(Stored entries)

----------------

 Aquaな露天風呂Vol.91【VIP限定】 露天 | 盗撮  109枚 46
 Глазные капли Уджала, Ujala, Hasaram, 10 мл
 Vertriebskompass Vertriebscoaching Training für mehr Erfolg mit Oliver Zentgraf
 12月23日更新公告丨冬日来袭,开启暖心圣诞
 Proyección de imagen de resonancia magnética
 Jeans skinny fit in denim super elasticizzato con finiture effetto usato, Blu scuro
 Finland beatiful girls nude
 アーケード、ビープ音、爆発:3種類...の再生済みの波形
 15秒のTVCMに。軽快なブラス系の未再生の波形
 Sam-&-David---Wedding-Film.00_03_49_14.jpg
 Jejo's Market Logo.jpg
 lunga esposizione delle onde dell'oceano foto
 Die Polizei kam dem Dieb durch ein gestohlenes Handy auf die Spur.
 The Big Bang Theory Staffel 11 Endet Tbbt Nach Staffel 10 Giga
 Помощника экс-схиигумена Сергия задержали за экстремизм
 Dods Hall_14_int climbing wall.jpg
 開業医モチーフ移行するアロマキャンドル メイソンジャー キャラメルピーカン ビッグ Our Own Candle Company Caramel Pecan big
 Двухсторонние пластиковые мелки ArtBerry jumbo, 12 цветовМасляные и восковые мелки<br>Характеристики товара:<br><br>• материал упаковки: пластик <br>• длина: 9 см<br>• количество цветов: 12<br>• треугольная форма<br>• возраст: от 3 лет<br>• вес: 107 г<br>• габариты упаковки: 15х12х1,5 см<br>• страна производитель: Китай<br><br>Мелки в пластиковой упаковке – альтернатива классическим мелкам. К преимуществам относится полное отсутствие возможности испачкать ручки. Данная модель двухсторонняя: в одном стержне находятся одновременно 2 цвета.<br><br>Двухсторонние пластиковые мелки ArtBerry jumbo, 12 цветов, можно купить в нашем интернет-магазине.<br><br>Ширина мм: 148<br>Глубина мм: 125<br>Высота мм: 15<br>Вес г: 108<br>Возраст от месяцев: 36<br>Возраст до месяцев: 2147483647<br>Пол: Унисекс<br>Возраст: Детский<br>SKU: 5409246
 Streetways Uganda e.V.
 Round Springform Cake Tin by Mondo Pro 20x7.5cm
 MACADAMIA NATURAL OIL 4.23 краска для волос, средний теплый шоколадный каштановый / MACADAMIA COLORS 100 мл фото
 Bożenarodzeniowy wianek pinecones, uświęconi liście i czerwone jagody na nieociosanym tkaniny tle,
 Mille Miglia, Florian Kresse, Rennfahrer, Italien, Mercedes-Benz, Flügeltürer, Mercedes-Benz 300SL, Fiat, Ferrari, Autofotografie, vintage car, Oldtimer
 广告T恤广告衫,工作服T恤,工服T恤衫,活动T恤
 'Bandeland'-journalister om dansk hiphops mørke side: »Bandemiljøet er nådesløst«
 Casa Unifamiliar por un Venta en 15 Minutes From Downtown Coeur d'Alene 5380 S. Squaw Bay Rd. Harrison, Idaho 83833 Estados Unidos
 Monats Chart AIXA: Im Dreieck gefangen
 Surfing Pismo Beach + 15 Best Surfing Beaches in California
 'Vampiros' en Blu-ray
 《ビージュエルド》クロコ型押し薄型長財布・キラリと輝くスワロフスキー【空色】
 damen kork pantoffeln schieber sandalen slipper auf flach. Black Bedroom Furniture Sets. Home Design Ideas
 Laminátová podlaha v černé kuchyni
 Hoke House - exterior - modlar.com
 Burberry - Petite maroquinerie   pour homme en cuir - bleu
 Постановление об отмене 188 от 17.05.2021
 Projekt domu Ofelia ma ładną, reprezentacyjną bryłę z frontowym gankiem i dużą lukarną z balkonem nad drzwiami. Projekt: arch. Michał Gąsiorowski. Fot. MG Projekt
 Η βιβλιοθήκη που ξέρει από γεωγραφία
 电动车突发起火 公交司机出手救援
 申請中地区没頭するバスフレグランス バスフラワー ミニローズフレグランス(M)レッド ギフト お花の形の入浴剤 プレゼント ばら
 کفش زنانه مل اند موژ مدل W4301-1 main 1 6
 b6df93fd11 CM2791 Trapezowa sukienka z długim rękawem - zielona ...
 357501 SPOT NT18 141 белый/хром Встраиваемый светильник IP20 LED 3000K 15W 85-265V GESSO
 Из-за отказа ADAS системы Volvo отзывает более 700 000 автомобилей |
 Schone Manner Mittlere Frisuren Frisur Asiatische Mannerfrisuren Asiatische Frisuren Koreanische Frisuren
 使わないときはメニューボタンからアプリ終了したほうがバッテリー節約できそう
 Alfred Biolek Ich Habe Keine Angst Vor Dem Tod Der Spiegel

----------------

Of the lines above, retype only those from the line containing "Proyección de imagen de resonancia magnética" through the line containing "The Big Bang", including both, exactly.

** ANSWER SECTION **
 Proyección de imagen de resonancia magnética
 Jeans skinny fit in denim super elasticizzato con finiture effetto usato, Blu scuro
 Finland beatiful girls nude
 アーケード、ビープ音、爆発:3種類...の再生済みの波形
 15秒のTVCMに。軽快なブラス系の未再生の波形
 Sam-&-David---Wedding-Film.00_03_49_14.jpg
 Jejo's Market Logo.jpg
 lunga esposizione delle onde dell'oceano foto
 Die Polizei kam dem Dieb durch ein gestohlenes Handy auf die Spur.
 The Big Bang Theory Staffel 11 Endet Tbbt Nach Staffel 10 Giga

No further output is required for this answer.